[math-fun] Calabi Curlique Curve Curiousity
For six years, the product of the two Euler constants e×γ has given the highest temperature in the Curlique fractal. The value e×γ has a temperature of 2433.73 at 460024 steps. We have a new record. https://math.stackexchange.com/questions/69303/ The fundamental unit of the Calabi Triangle ratio, x^3+x^2−7x+1=0 with x≈2.10278... , has a temperature of 4408.7 after 2005399 steps. Can anyone get a higher temperature? --Ed Pegg Jr
Is the "temperature" simply the maximum distance from the origin? Can you say more about the dependence on the number of steps? Is it possible that we would see a higher temperature for e×γ if we let it go longer? Why the insistence that the turn increment be irrational? Is it the existence of repeating regimes that just march steadily away from the origin? As the turn increment decreases toward zero, doesn't the very first excursion extend arbitrarily far, like an infinite New-Year's-Eve noisemaker unfurling? Or did I misunderstand a definition? On Wed, Feb 21, 2018 at 3:35 PM, Ed Pegg Jr <ed@mathpuzzle.com> wrote:
For six years, the product of the two Euler constants e×γ has given the highest temperature in the Curlique fractal. The value e×γ has a temperature of 2433.73 at 460024 steps.

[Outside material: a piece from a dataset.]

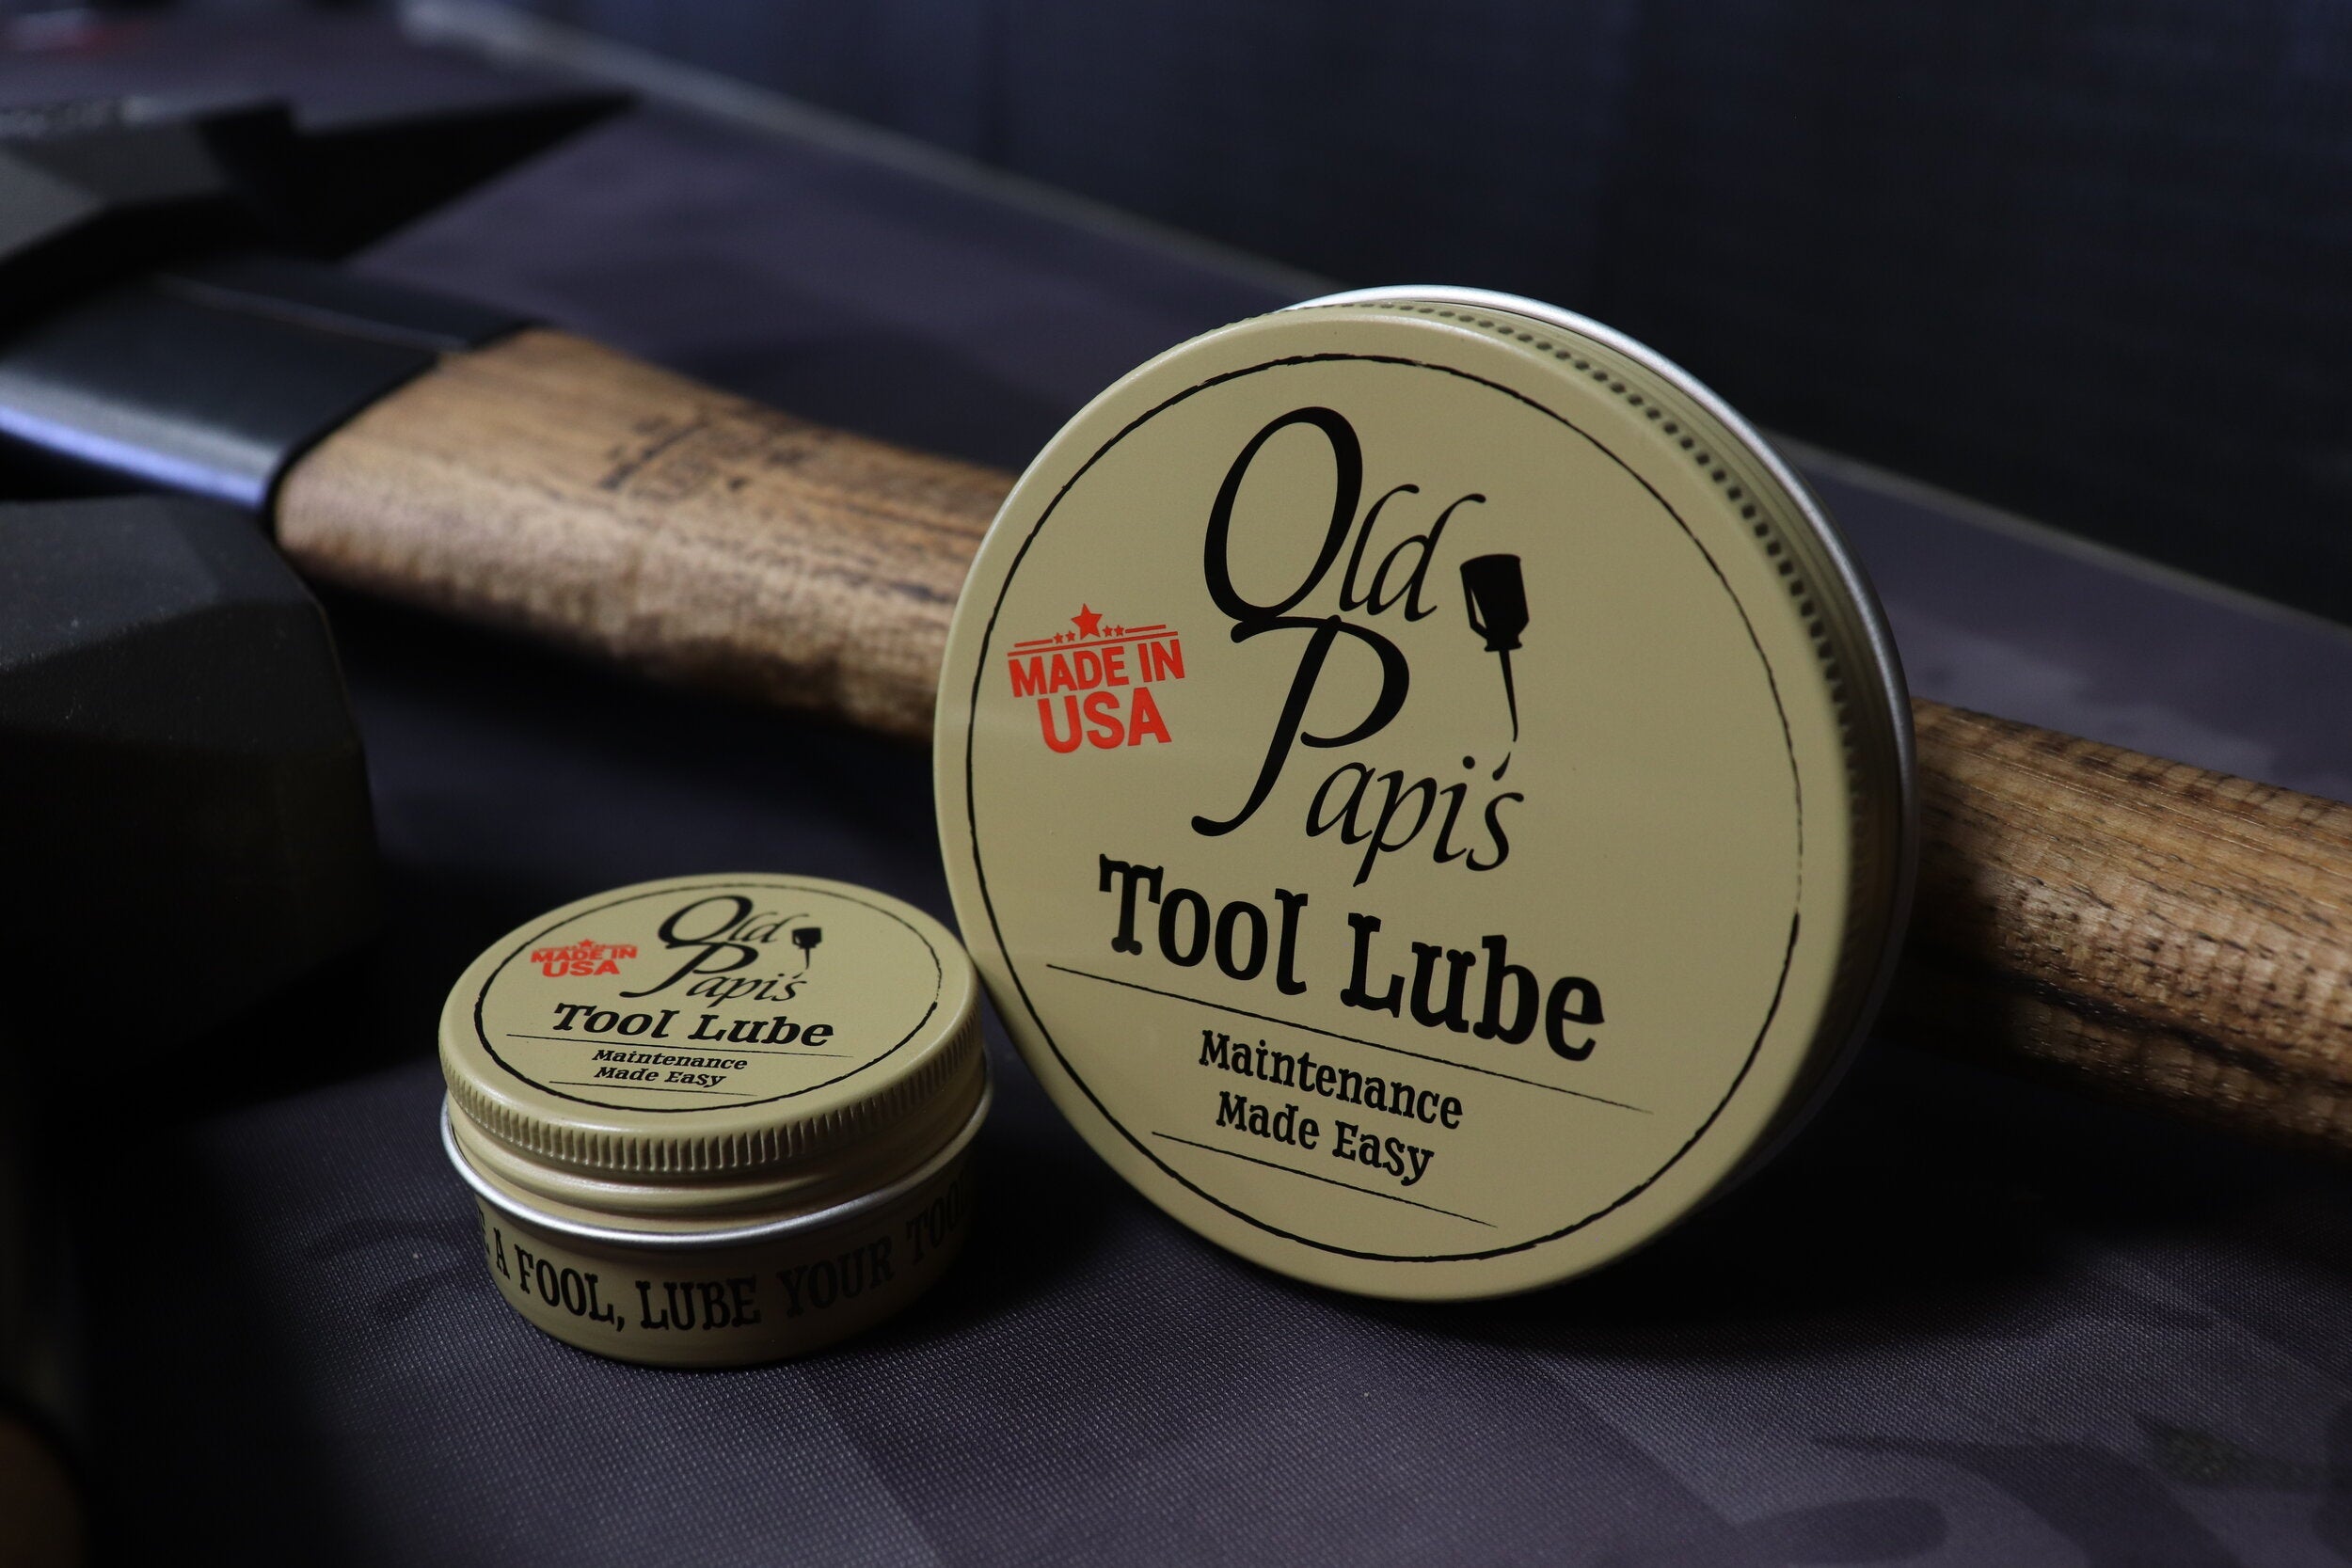 OLD PAPI'S TOOL LUBE

We have a new record. https://math.stackexchange.com/questions/69303/
The fundamental unit of the Calabi Triangle ratio, x^3+x^2−7x+1=0 with x≈2.10278... , has a temperature of 4408.7 after 2005399 steps.
Can anyone get a higher temperature?
--Ed Pegg Jr _______________________________________________ math-fun mailing list math-fun@mailman.xmission.com https://mailman.xmission.com/cgi-bin/mailman/listinfo/math-fun
I first learned about the curlique fractal here: http://bit-player.org/bph-publications/SciAm-1984-02-Hayes-turtle.pdf Here's a javascript version to play with: https://www.khanacademy.org/computer-programming/spirals/1023512142 On Wed, Feb 21, 2018 at 4:01 PM, Allan Wechsler <acwacw@gmail.com> wrote:
Is the "temperature" simply the maximum distance from the origin?

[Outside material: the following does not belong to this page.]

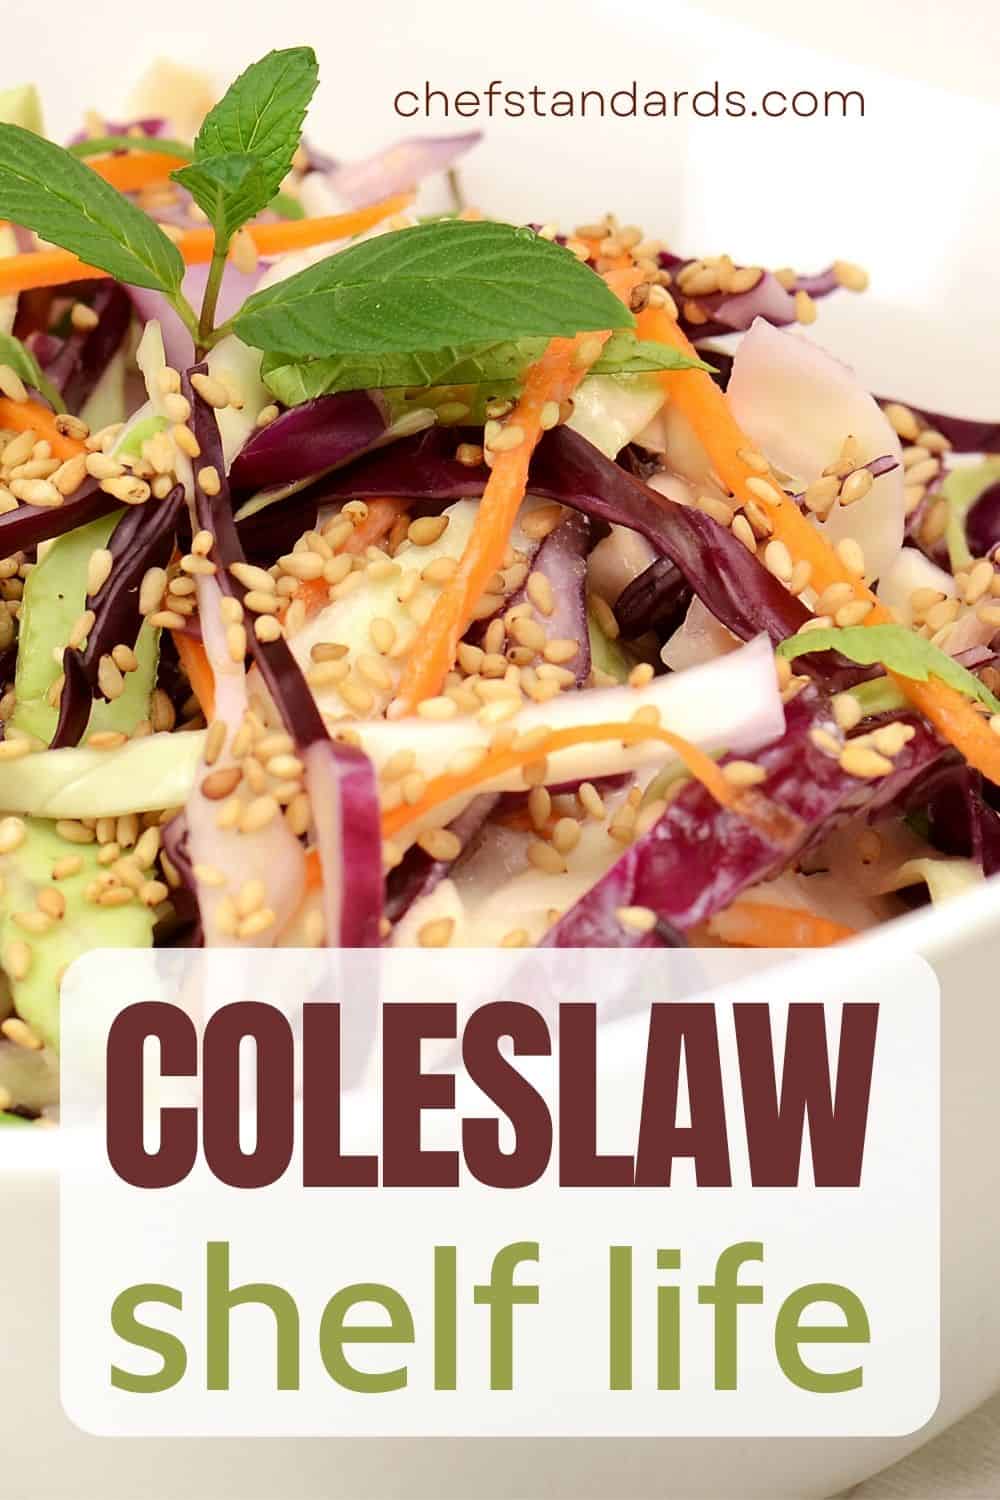 How Long Is Coleslaw Good For And How To Store It Properly?

No, it's T = 1/ln(2L/(2L-H)), where L is the length of the curve and H is the length of the convex hull. http://mathworld.wolfram.com/Temperature.html
Can you say more about the dependence on the number of steps? Is it possible that we would see a higher temperature for e×γ if we let it go longer?
It looks like the convex hull approaches a circle, so H is bounded but L is not, which appears to me to mean that T should approach infinity. "The value s=e×γs=e×γ reaches a maximum temperature of 2433.73 at 460024 steps. For awhile, this has been the highest achieved temperature." I don't understand how it can be claimed to have a maximum temperature under this definition. Maybe the total length is normalized to 1? -- Mike Stay - metaweta@gmail.com http://www.math.ucr.edu/~mike http://reperiendi.wordpress.com
participants (3)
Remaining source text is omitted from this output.